You can access a Python client that interacts with the service through its WebSocket interface at the speech-to-text-websockets-python repository.
For mobile development, in addition to the Watson Developer Cloud SDK for Apple® iOS, you can also use the Watson Speech SDK for the Google Android™ platform. Both SDKs support authenticating by using either your Bluemix® service credentials or an authentication token.
Like all Watson services, the Speech to Text service supports two typical programming models: Direct interaction, in which the client (for example, a web browser or an Android or iOS native app) streams audio to the service directly; and relaying via a proxy, in which the client and service exchange all data (requests, audio, and results) through a proxy application that resides in Bluemix®. With the HTTP interface, you can use either of the programming models; with the WebSocket interface, you must use direct communication.
For more information about working with Watson Developer Cloud services and Bluemix, see the following:
For an introduction to working with Watson services and Bluemix, see Getting started with Watson Developer Cloud and Bluemix.
For a language-independent introduction to developing Watson services applications in Bluemix, see Developing Watson applications with Bluemix.
For information about the two programming models available for developing Watson applications, see Programming models for Watson services:
With relaying via a proxy, the client relies on a proxy server that resides in Bluemix to communicate with the service; it passes all requests through the proxy application. Relaying requests via a proxy relies only on service credentials to authenticate with the service; see Obtaining credentials for Watson services.
With direct interaction, the client uses the proxy application in Bluemix only to obtain an authentication token for the service, after which it communicates directly with the service. Direct interaction uses service credentials only to obtain a token; see Using tokens with Watson services.
For information about controlling the default request logging that is performed for all Watson services, see Controlling request logging for Watson services.
Converting speech to text is a difficult problem. Some general things to consider when using the Speech to Text service in your applications follow:
Speech recognition can be very sensitive to input audio quality. When you experiment with the demo application or build an application of your own that uses the service, please try to ensure that the input audio quality is as good as possible. To obtain the best possible accuracy, use a close, speech-oriented microphone (such as a headset) whenever possible and adjust the microphone settings if necessary. Try to avoid using a laptop's built-in microphone.
Choosing the correct model is important. For most supported languages, the service supports two models: broadband and narrowband. IBM® recommends that you use the broadband model for responsive, real-time applications and the narrowband model for offline decoding of telephone speech.
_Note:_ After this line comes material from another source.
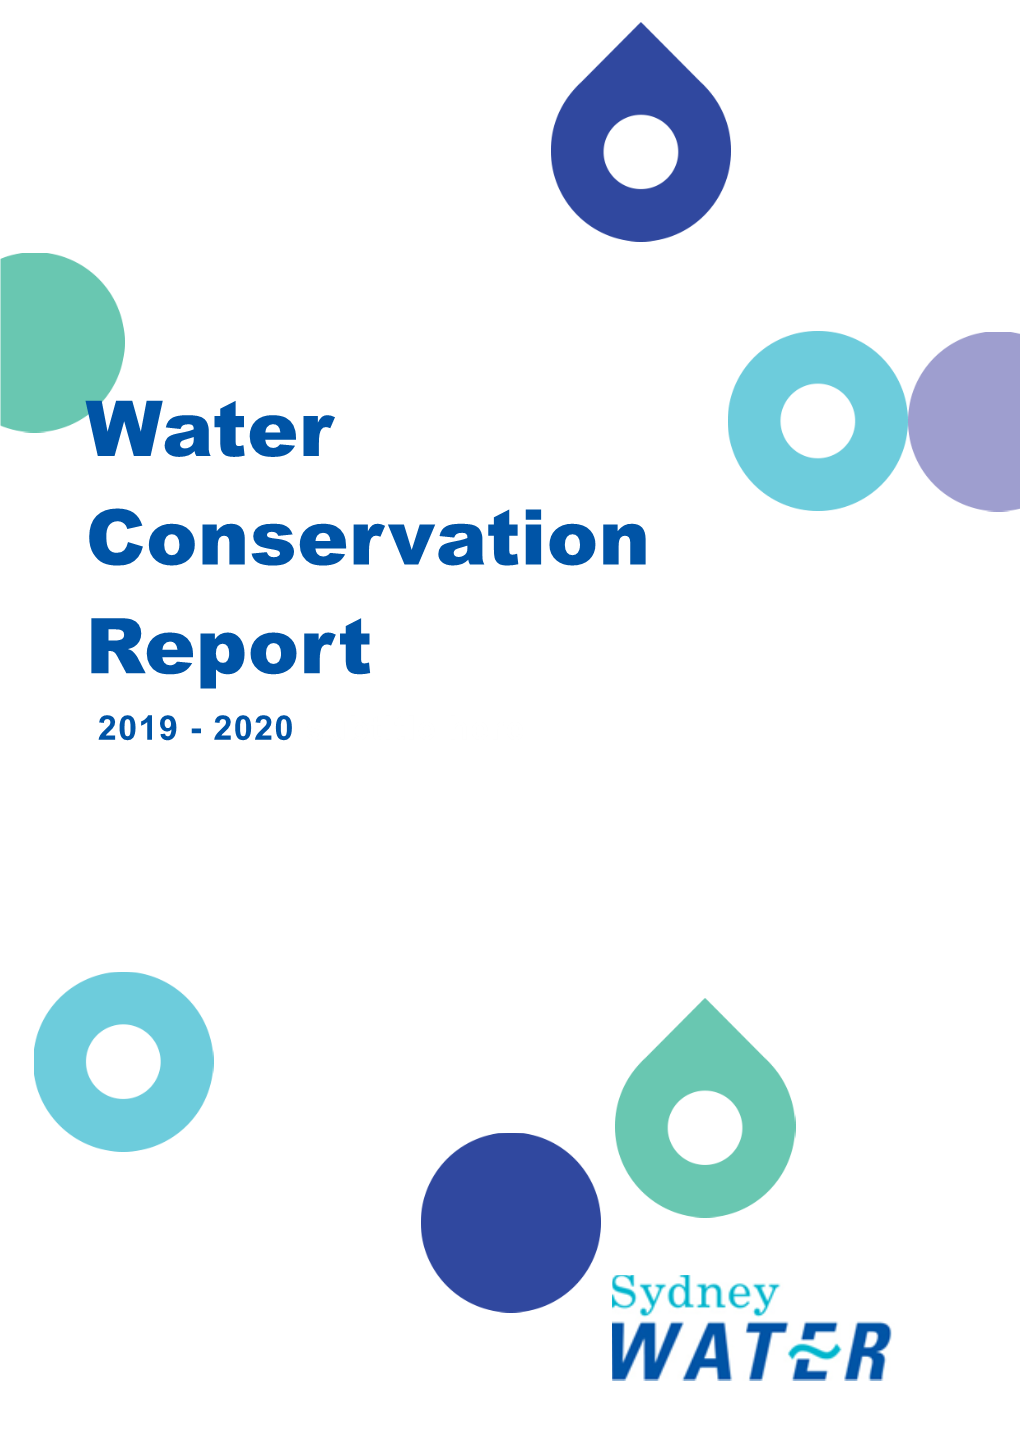 Water Conservation Report 2019 - 2020 Subtitle Here

For more information about the models and the sampling rates they support, see Languages and models.
Detecting end of speech in the input audio stream is configurable. By default, the service stops transcription at the first pause, which is denoted by a half-second of non-speech (typically silence), or when the stream terminates. For information about directing the service to transcribe the entire audio stream until the stream terminates, see Continuous transmission.
Conversion of speech to text may not be perfect. Tremendous progress has been made over the last several years. Today, speech recognition technology is successfully used in many domains and applications. However, in addition to audio quality, speech recognition systems are sensitive to nuances of human speech, such as regional accents and differences in pronunciation, and may not always successfully transcribe audio input.